Her career highlights included producing for Reps (Alexander Theatre), the National Theatre (PACT), the Children's Theatre, universities and CAPAB. She was frequently nominated for South Africa's Woman of the Year prize for her theatre productions. She enjoyed particular success with productions such as Fiddler on the roof, Lion in Winter, Bravo Piaf , The Student Prince and A Little Night Music, directing and starring alongside Eric Flynn. She was a fervent admirer of Jacques Brel and produced several musicals featuring his songs. By 1982, the longest run of any stage production in Johannesburg was Kushlick's Jacques Brel is Alive and Well and Living in Paris. Earlier in 1973 she held a special Jacques Brel performance to raise funds for Israel during the Yom Kippur War.
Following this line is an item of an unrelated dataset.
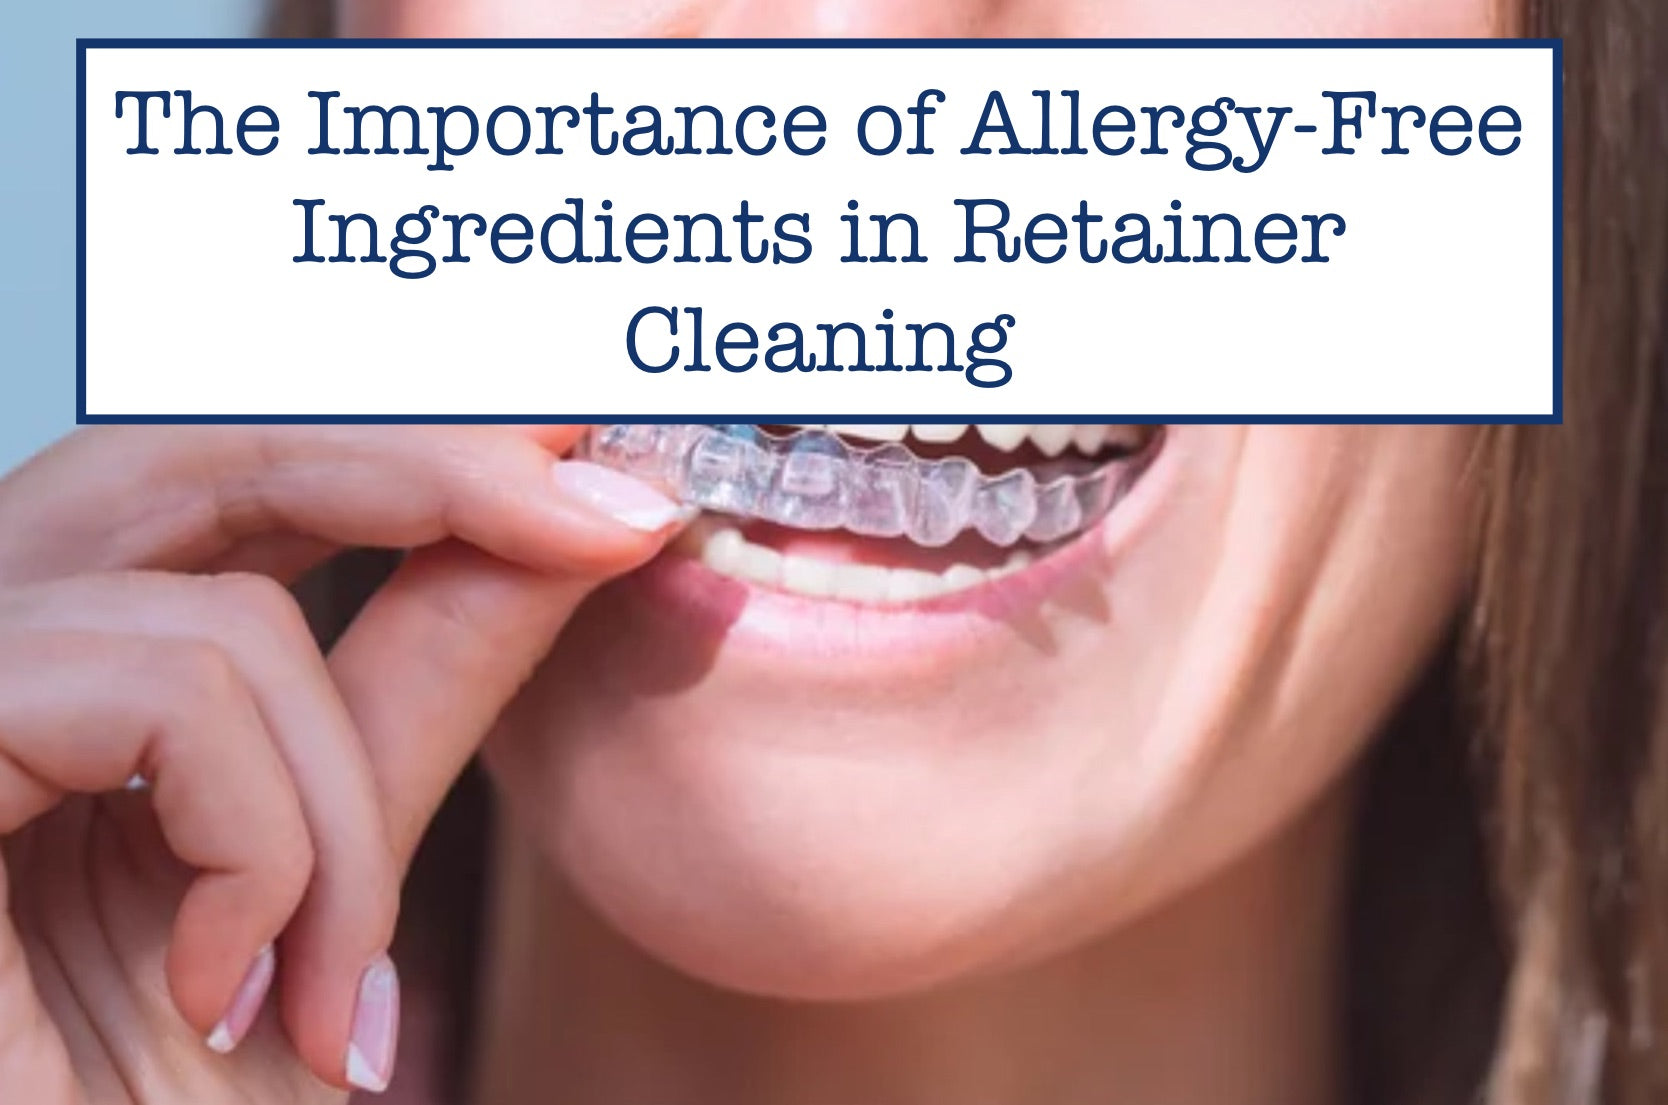 The Importance of Allergy-Free Ingredients in Retainer Cleaning

She was an honorary life member of the South African Association of Theatre Managements and patron of the Theatre Gallery Club. She also became the founder and director Taubie Kushlick Productions (Pty) Ltd. Awards bestowed upon her included the André Huguenet Memorial Medal for pioneering work in theatre, the B'nai B'rith Cultural Trophy, the Italian Cultural Medal and the Adelaide Ristori. She was also nominated as Woman of the Year on several occasions.

==Legacy==

In 1999, she was placed at no.88 in the They shaped our century survey, a top 100 list published about which people had the greatest influence on South Africa during the twentieth century.

In 2024, at the South African Jewish Board of Deputies' 120th anniversary gala dinner, she was honoured among 100 remarkable Jewish South Africans who have contributed to South Africa. The ceremony included speeches from Chief Rabbi Ephraim Mirvis, and Kushlick was honoured with the likes of Nadine Gordimer and Helen Suzman.